Right now, U.S. economists and policymakers are trying to use the thermometer of economic metrics to determine whether women at home should join the workforce, but that is only one of the tools needed to tackle this difficult job. (Oddly, the same metrics usually aren’t considered when evaluating stay-at-home dads!) These metrics don’t answer important questions like: Are families able to have a parent at home to care for young children if they want? Are families able to successfully care for elders? Do America’s families feel they are flourishing?

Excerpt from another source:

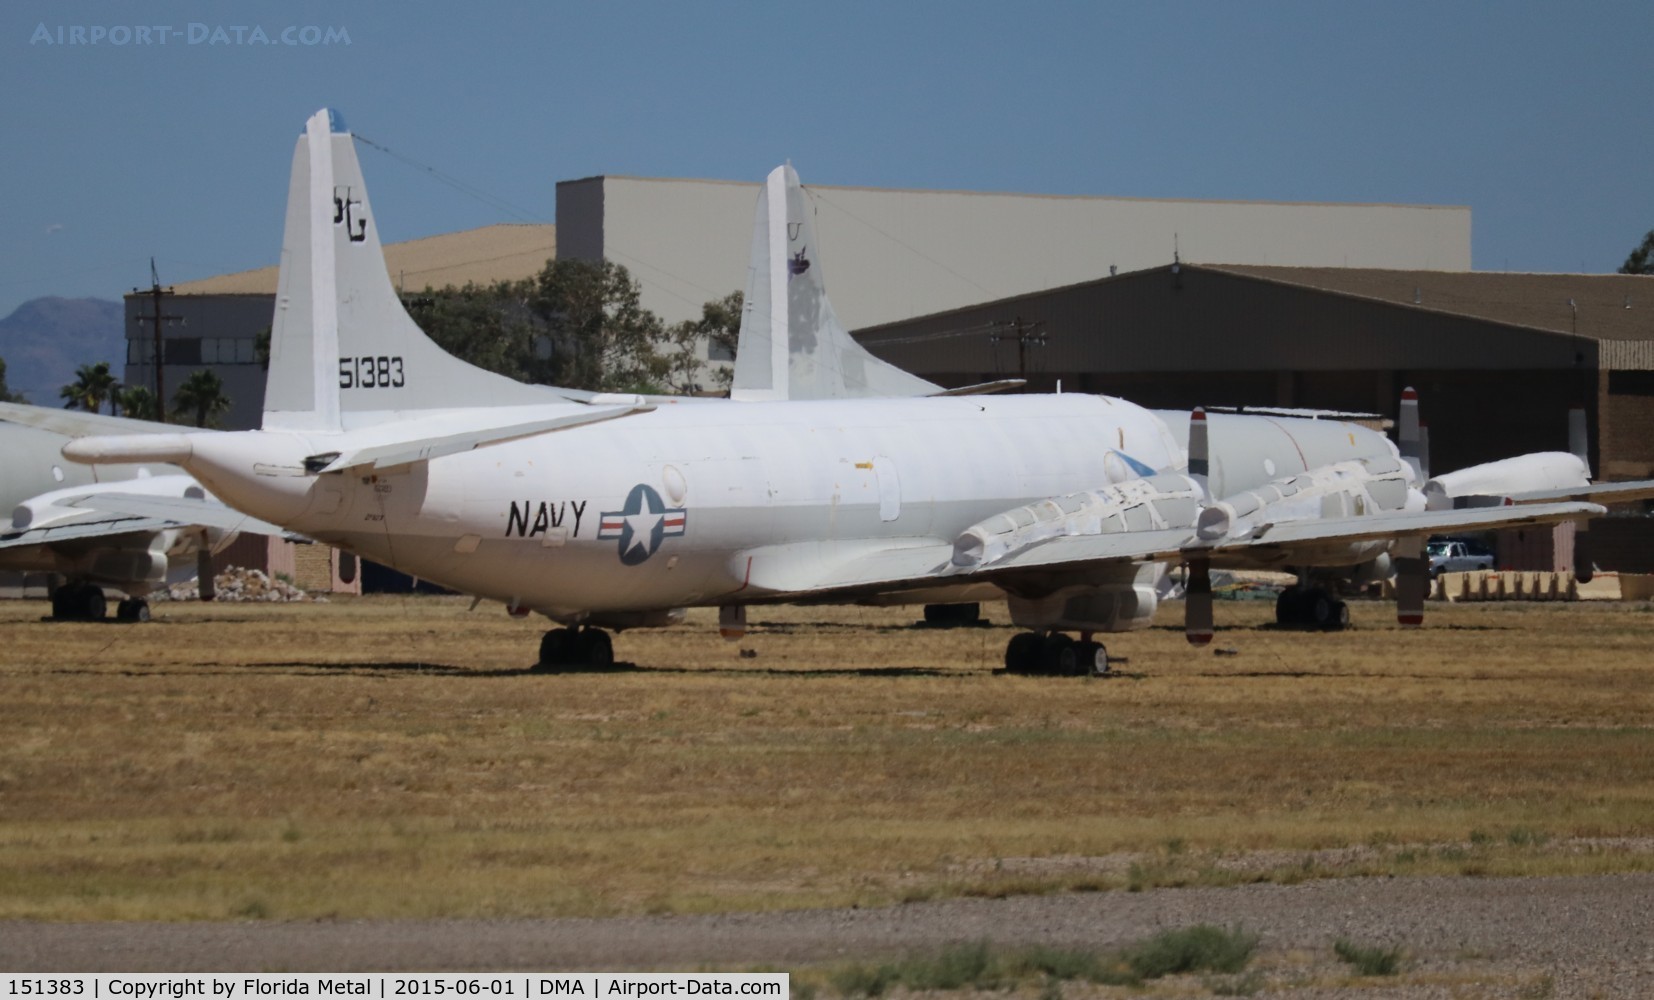 151383, Lockheed P-3A Orion C/N 185-5096, P-3A Orion

Ultimately, we must recognize that metrics alone cannot answer this question. Economists are focused on what they can measure. As V.P. Vance pointed out, America’s leaders need a broader perspective. Even while GDP continues to soar, U.S. families do not perceive themselves as doing well. Every warning light we have is flashing bright red that regular people in America are suffering from the lack of community-building and family-supporting labor her homemakers used to provide. By all means, let’s applaud women who join the workforce, but those at home matter even if they don’t appear on an economist’s labor force spreadsheet.